Purpose: : Investigate the effects of PKC phosphorylation on the water permeability of AQP0.

Methods: : Xenopus oocyte water permeability assay, BtAQP0, site directed mutagenesis, PKC activation, PKC inhibition, Fluorescent Resonance Energy Transfer (FRET), immunohistochemistry.
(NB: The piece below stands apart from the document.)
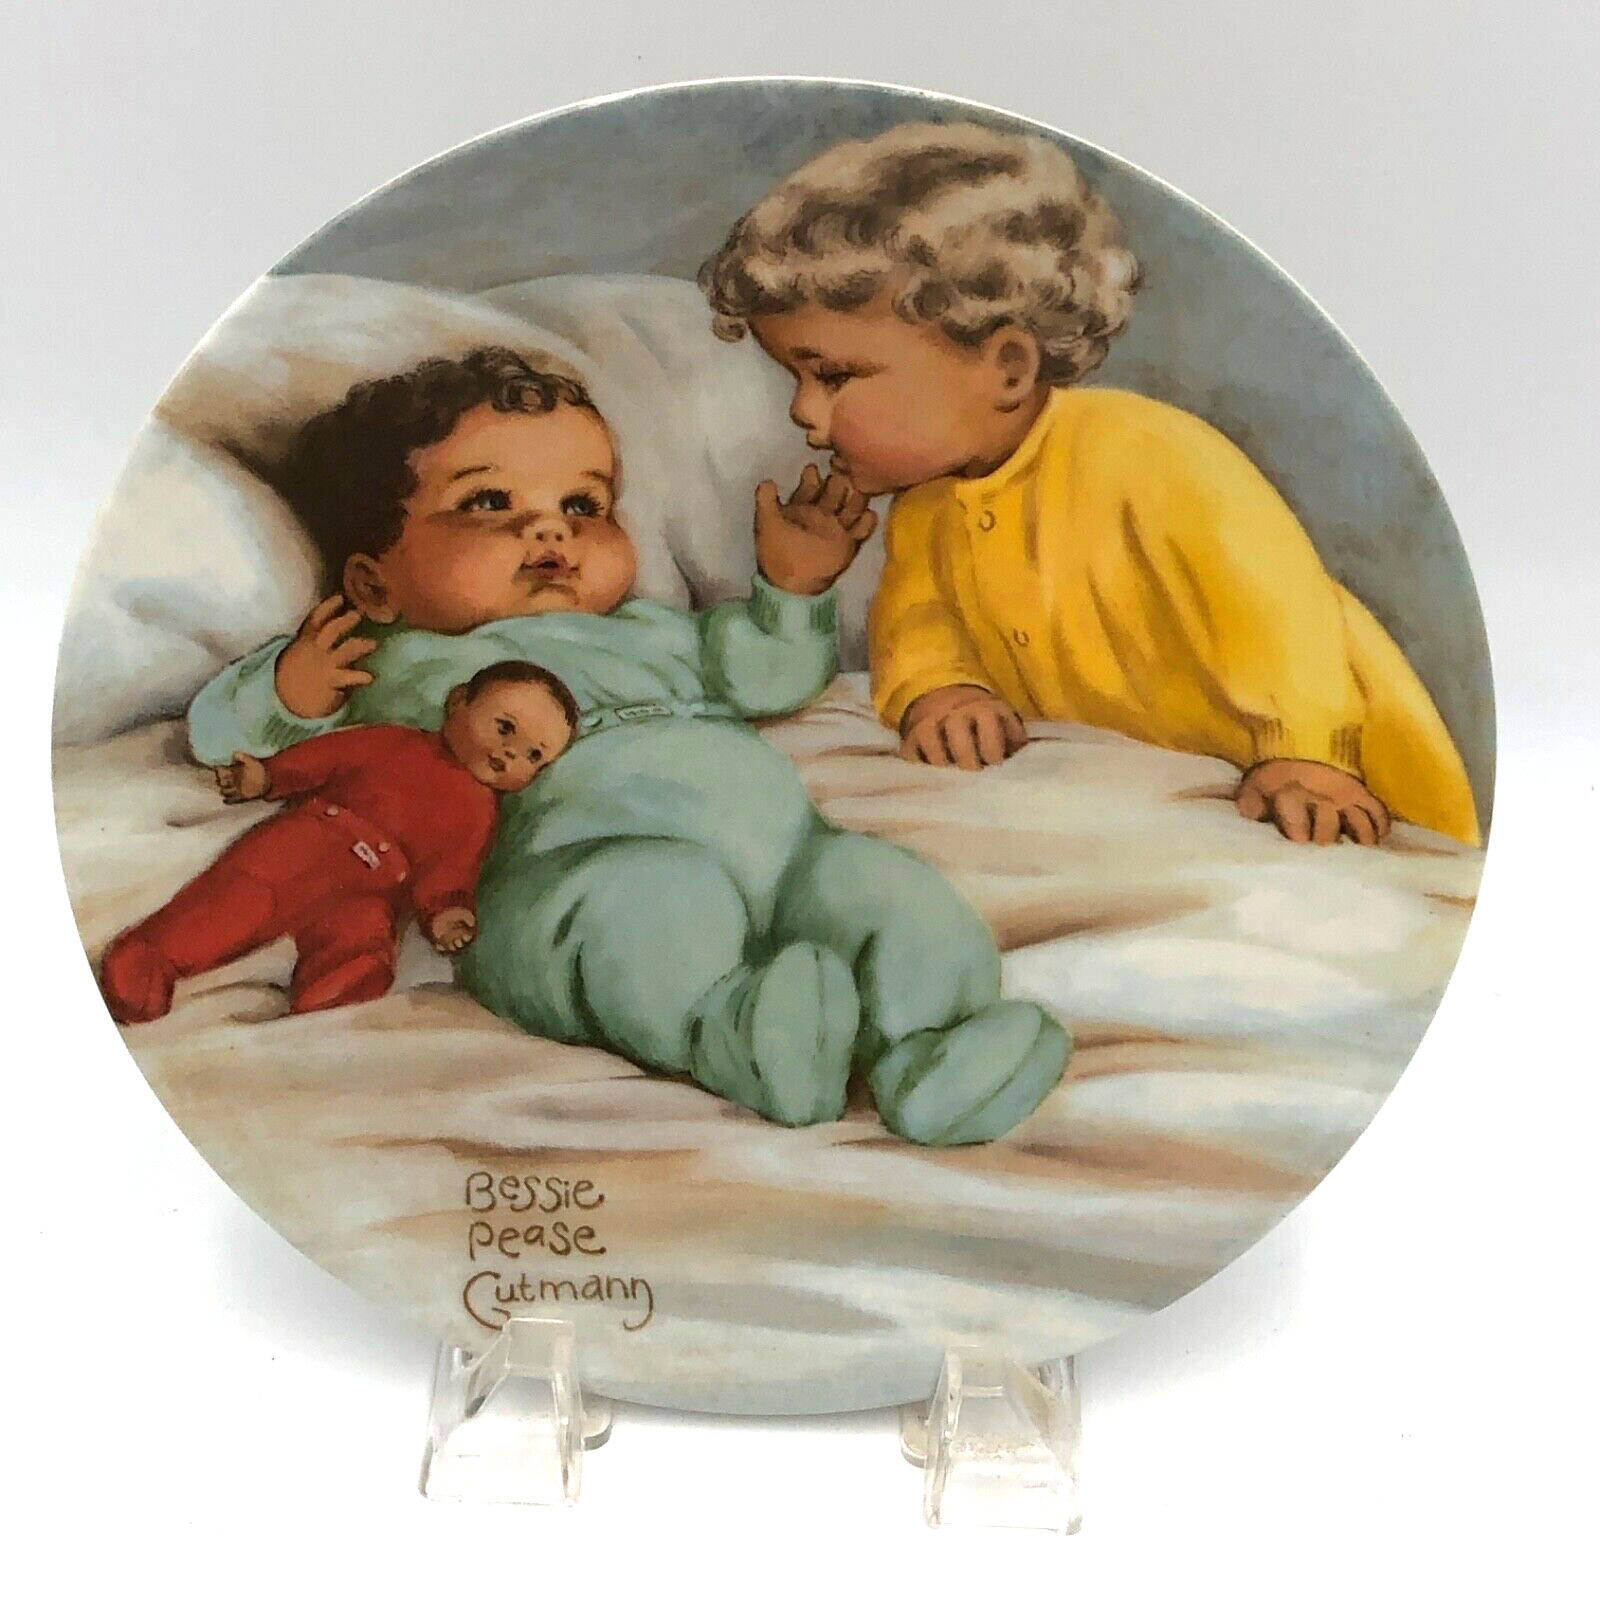  Collector Plate 1985 Bessie Pease Gutmann “My Baby” #102 Vtg. 3rd Issue
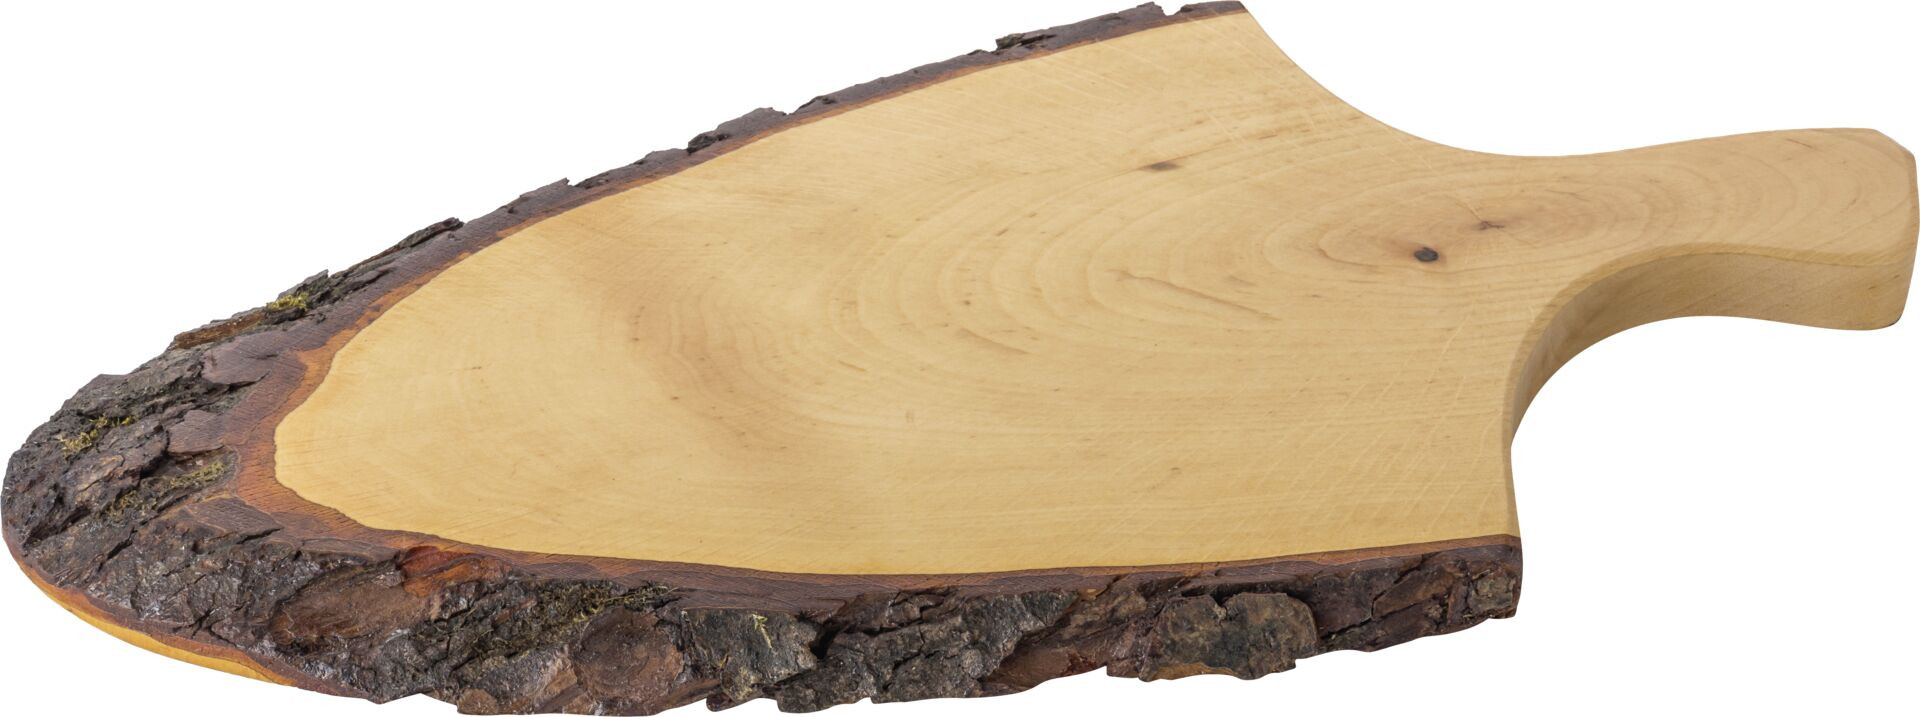 Rindenholzbrett mit Griff 38 x 17 cm

Results: : AQP0, the major intrinsic protein of lens fiber cells, can act as a water channel, junctional protein, or anchor protein for the cytoskeleton and promotes the formation of micro-domains in the plasma membrane. During fiber cell differentiation AQP0 undergoes spatially and temporally regulated phosphorylations that could have unique physiological roles in lens fiber cells. The pattern of C-terminal phosphorylation of AQP0 creates four distinct water permeability (P_f) phenotypes: 1. Low-P_f with 0 mM Ca²⁺ sensitivity; 2. Low-P_f with 5 mM Ca²⁺ sensitivity; 3. Low-P_f no Ca²⁺ sensitivity; 4. High-P_f with no Ca²⁺ sensitivity (Kalman, K. et al. .JBC., 2008). In the inner cortex, Ser229 and Ser231 phosphorylation increases (Ball, L.E. et al. Biochem. 2004), and these modified AQP0s become calmodulin-independent high-P_f-phenotype channels. Using site-directed mutagenesis, PKC activators and inhibitors, we investigated the effects of PKC phosphorylation(s) on "group-4" Ser229Asp, Ser229Asn, Ser231Asp and Ser231Asn mutants. Our data show that DAG-activated PKC inhibits the P_f of Ser229Asp mutant and probably to closes the channel pore. This result reveals a fifth phenotype of regulation of AQP0 by phosphorylation.

Conclusions: : PKC phosphorylation is an essential component of the regulation of AQP0 water permeability. Our observation suggests that there is a particular combination of C-terminus serine-phosphorylation which completely eliminates AQP0 water permeability. This suggests a greater range of P_f regulation then before observed.